The following code block selects the best sellers element using CSS selector.

In [15]:
driver.find_element_by_css_selector('.blockbestsellers')

<selenium.webdriver.remote.webelement.WebElement (session="26ea89482be7384401499e1205b5281f", element="0c4f89bf-25fc-46fa-bba1-b1fb9b599dc6")>

Let's suppose that we want to collect information on Women's tops. The following code block navigates to the *WOMEN* link and clicks it.

In [16]:
if driver.find_elements_by_link_text('WOMEN'):
    women_link = driver.find_element_by_link_text('WOMEN')
    women_link.click()

Let's try to filter the products by tops. Note that simply finding elements that include the text *top* will be problematic because there is more than one on the page. The following code block shows how we can select a particular area of the webpage, which we will search within.

In [17]:
catalog_block = driver.find_element_by_id('layered_block_left')

We will now select and click the checkbox to filter the products to just tops.

In [18]:
tops_filter = catalog_block.find_element_by_partial_link_text('Tops')
tops_filter.click()

The following code block shows how we can grap all of the product containers.

In [19]:
driver.find_elements_by_class_name('product-container')

[<selenium.webdriver.remote.webelement.WebElement (session="26ea89482be7384401499e1205b5281f", element="dc6a279a-75d1-43ec-ad7d-143777ecdc81")>,
 <selenium.webdriver.remote.webelement.WebElement (session="26ea89482be7384401499e1205b5281f", element="21b1005b-e83f-47d8-9d8f-076fba3fce4e")>,
 <selenium.webdriver.remote.webelement.WebElement (session="26ea89482be7384401499e1205b5281f", element="65c71e8d-e681-438f-964e-d48987bce56e")>,
 <selenium.webdriver.remote.webelement.WebElement (session="26ea89482be7384401499e1205b5281f", element="d48f1156-610d-45f0-9448-f4bfb3f71558")>,
 <selenium.webdriver.remote.webelement.WebElement (session="26ea89482be7384401499e1205b5281f", element="0abde664-be45-49bb-8cb7-8d5913b23149")>,
 <selenium.webdriver.remote.webelement.WebElement (session="26ea89482be7384401499e1205b5281f", element="17470415-487e-406a-9fd3-bb708b4ed8d6")>,
 <selenium.webdriver.remote.webelement.WebElement (session="26ea89482be7384401499e1205b5281f", element="0d0872c1-3857-4202-9642-cf

At the time I wrote this notebook, attempting to filter only the tops using the checkbox caused the website to hang, i.e., no filtering occured. The following code block shows how we can refresh the page.

In [20]:
driver.refresh()

The following code block attempts to filter the information using sub-categories.

In [21]:
subcategory_area = driver.find_element_by_id('subcategories')
subcategory_area.find_element_by_partial_link_text('TOPS').click()

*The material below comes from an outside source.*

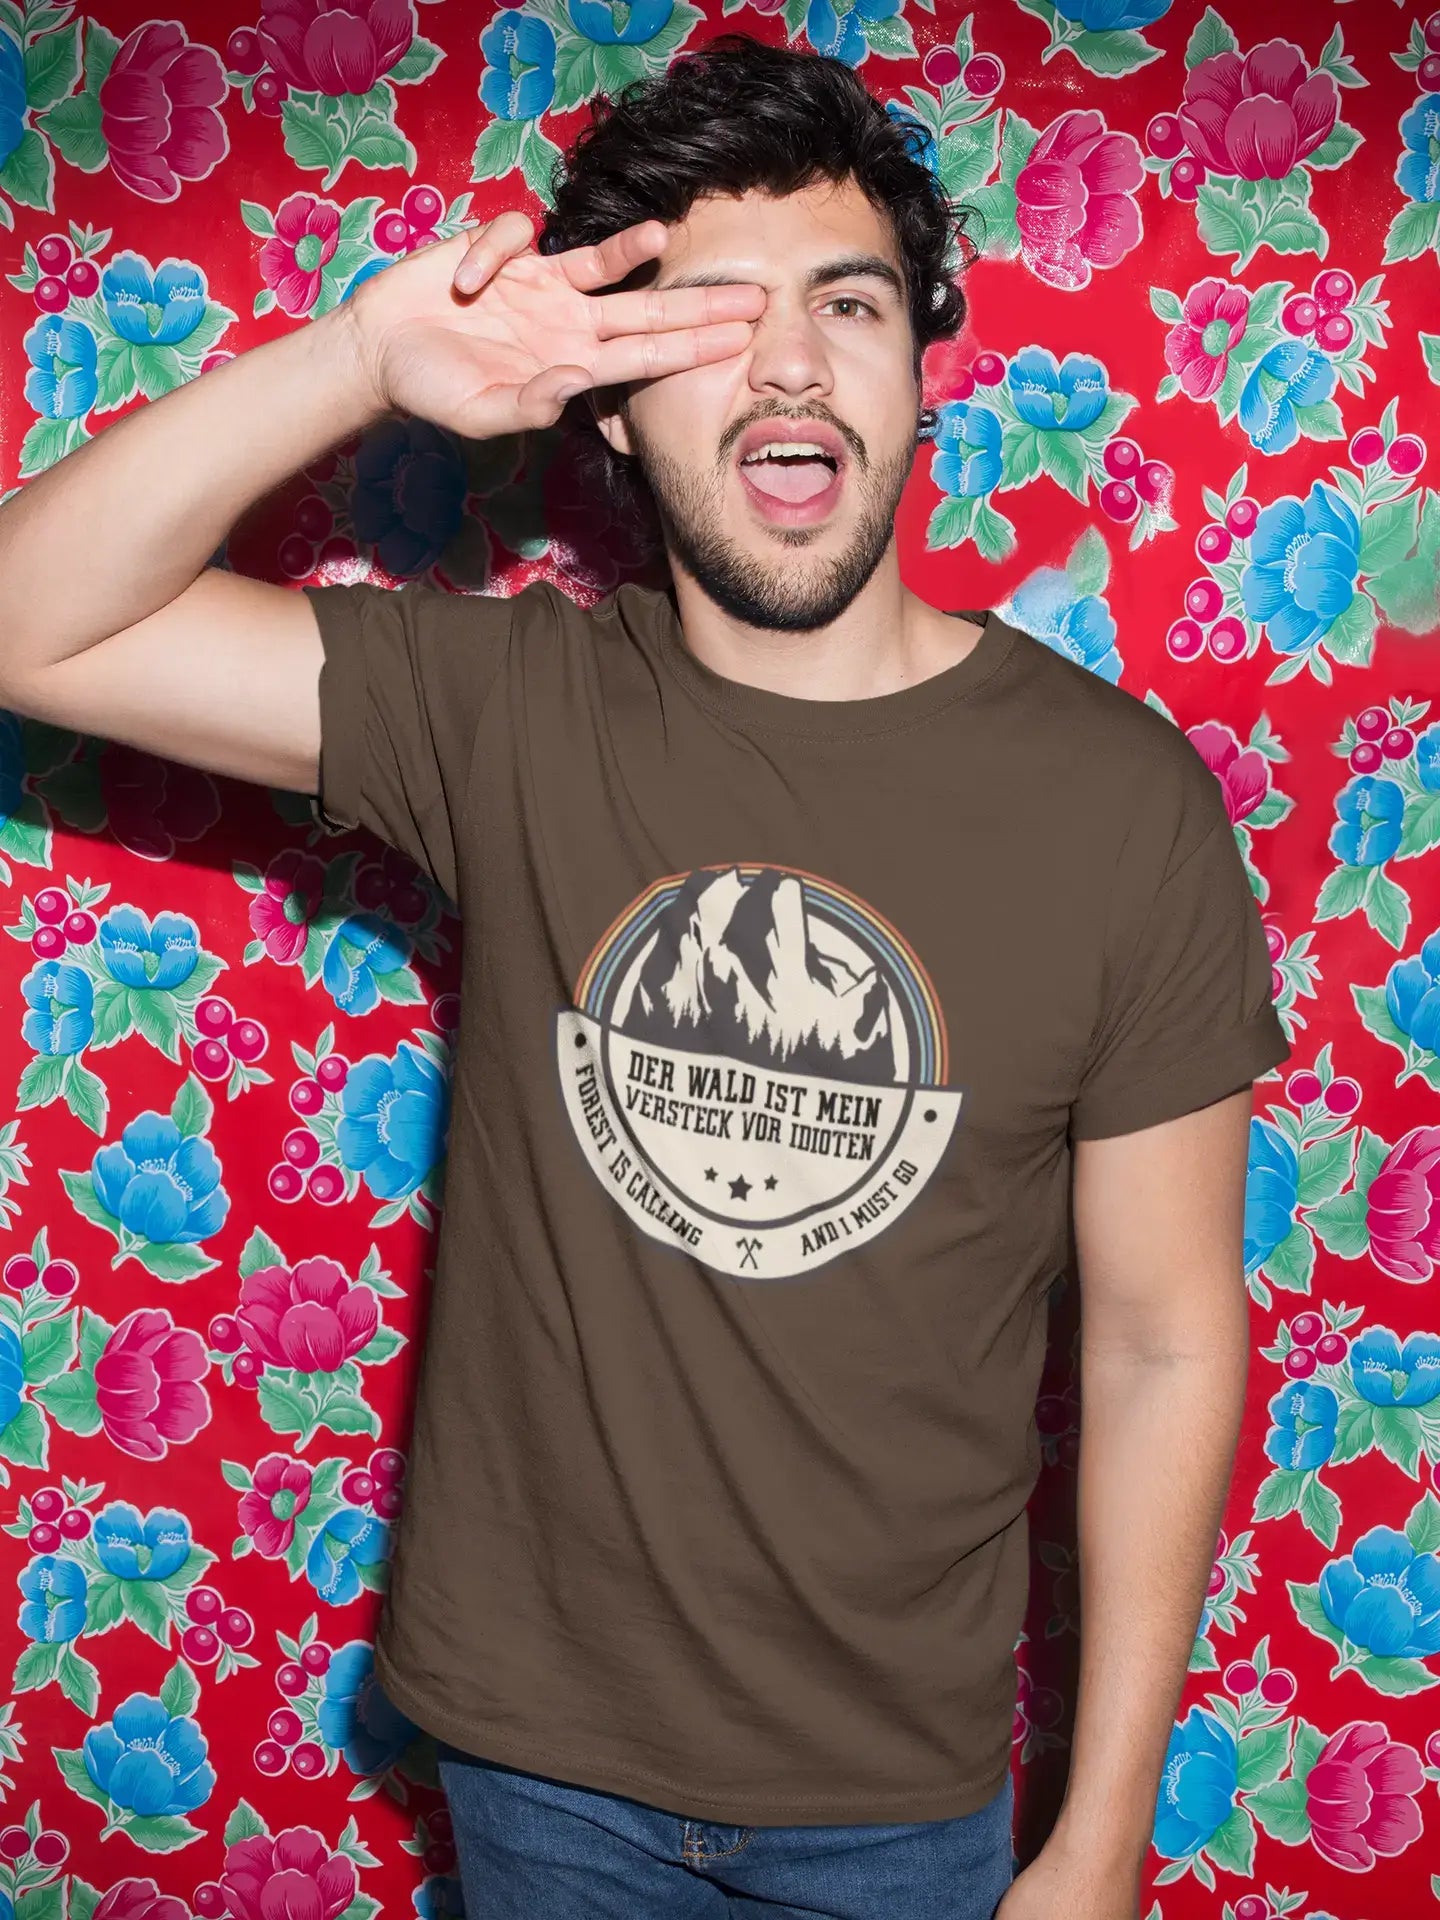 Men's Graphic T-Shirt Der Wald ist Mein Versteck vor Idioten Gift Idea

Notice now that the filtering occured.

In [22]:
driver.find_elements_by_class_name('product-container')

[<selenium.webdriver.remote.webelement.WebElement (session="26ea89482be7384401499e1205b5281f", element="2bf60d33-da2b-429a-9abf-30d2dffb9457")>,
 <selenium.webdriver.remote.webelement.WebElement (session="26ea89482be7384401499e1205b5281f", element="a7987750-2870-40d2-9614-e22eebb1e2c1")>]

The following code block iterates over the product containers, printing all text. You can expand this code to extract only the elements you wish

In [23]:
for container in driver.find_elements_by_class_name('product-container'):
    print(container.text)
    print('-'*25)

Faded Short Sleeve T-shirts
$16.51
In stock
-------------------------
Blouse
$27.00
In stock
-------------------------


The following code block closes the driver.

In [24]:
driver.quit()

The following code block automates the data collection process we just described. In the demo, I introduced some bugs to highlight some things you need to consider when working with `Selenium`

In [25]:
# create a driver instance
driver = webdriver.Chrome()

# define and naviagte to the target URL
url = 'http://automationpractice.com'
driver.get(url)

# find the link for the WOMENs area and click
if driver.find_elements_by_link_text('WOMEN'):
    women_link = driver.find_element_by_link_text('WOMEN')
    women_link.click()
    time.sleep(2)
    
# determine the number of product containers before filtering
initial_containers = len(driver.find_elements_by_class_name('product-container'))
filtered = False

# try to get filtered products using checkbox
if driver.find_elements_by_id('layered_block_left'):
    catalog_block = driver.find_element_by_id('layered_block_left')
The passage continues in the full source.